Due to the close resemblance of the malarial symptoms with the flu, proper and on time diagnosis of malaria sometimes proves to be difficult but it is necessarily very important to detect malaria-infected individuals as early as possible. There are various tests that can be carried out to diagnose malaria, however, the preferred method is through the Giemsa-stained thick and thin blood smears taken for laboratory testing by microbiologists. The Giemsa method of testing is more convenient and is a cheaper way for diagnosing malaria while Chloroquine continues to remain as the most effective and commonly used the drug of choice for the treatment of malarial infection. However, currently there are many other treatments for Malaria
Patients with P.falciprum strains that are resistant to Chloroquine are therefore recommended to use other anti-malarial drugs that are in combination with Chloroquine for the treatment of malaria. While the infection caused by P. falciparum is the most fatal of all the four species of Plasmodium, P. vivax and P. ovule have the ability to remain for many months in the livers of their carriers where they remain in a dormant stage. P. vivax and P. ovule eventually begin regenerate and thereafter the symptoms of malaria become more evident, long after time their carriers were exposed to these particular parasites.
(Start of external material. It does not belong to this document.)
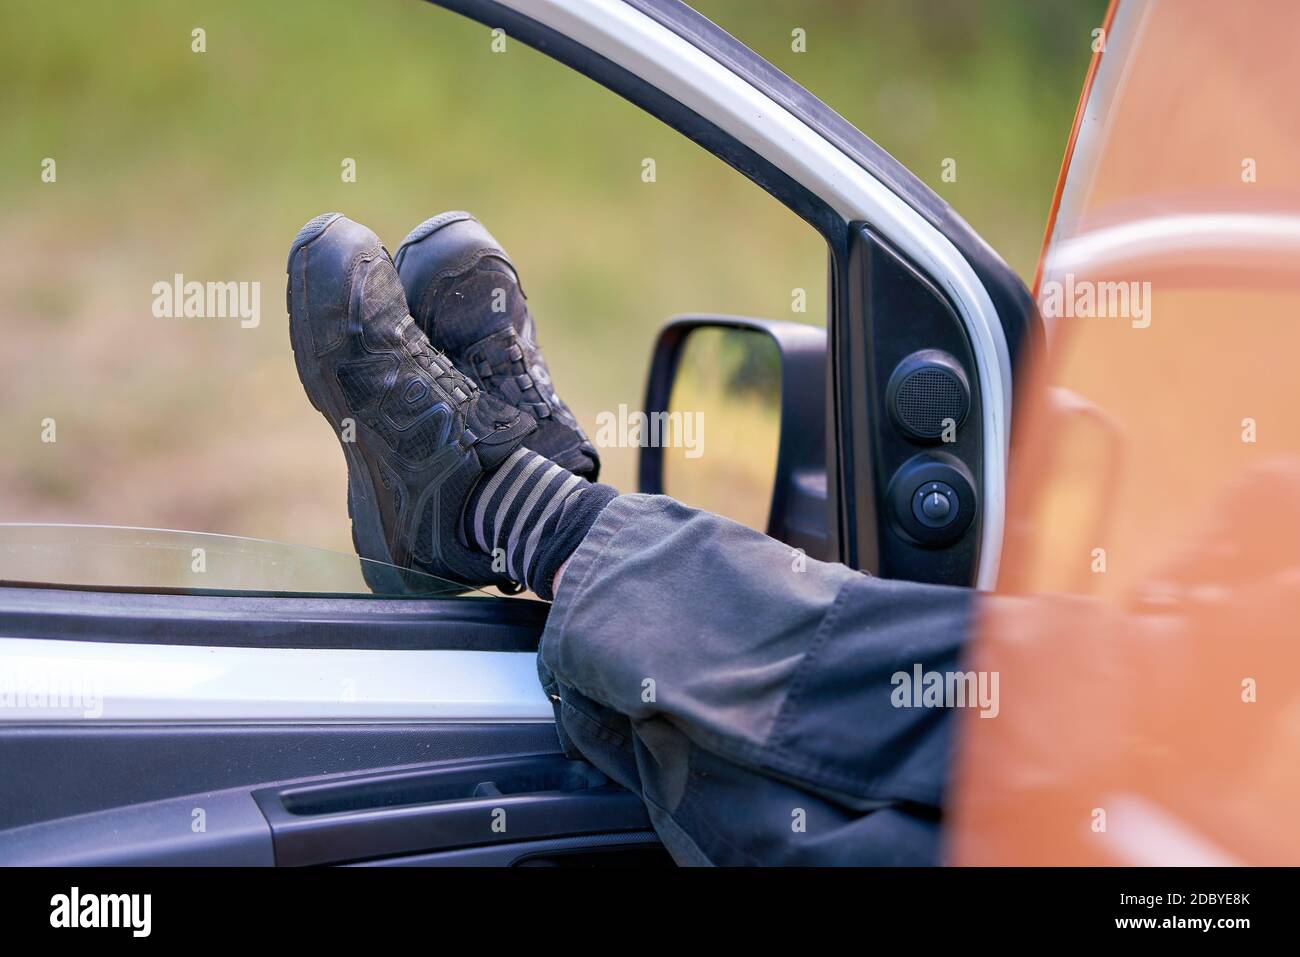 A worker in work clothes takes a break in his car Stock Photo

Relapses of malaria are also specifically more commonly associated by these two specific stains of malaria amongst patients suffering from malaria. Malaria is transmitted to human beings through the sting bites of the female Anopheles mosquito. These Anopheleses female mosquitoes usually sting bite their victims during the sun rise and sun set time periods. Furthermore, malarial parasites can also be transmitted through the transfusion of infected blood or by the use of shared injection needles. Besides these two ways of transmission, malaria can also be passed on by pregnant women to their unborn children.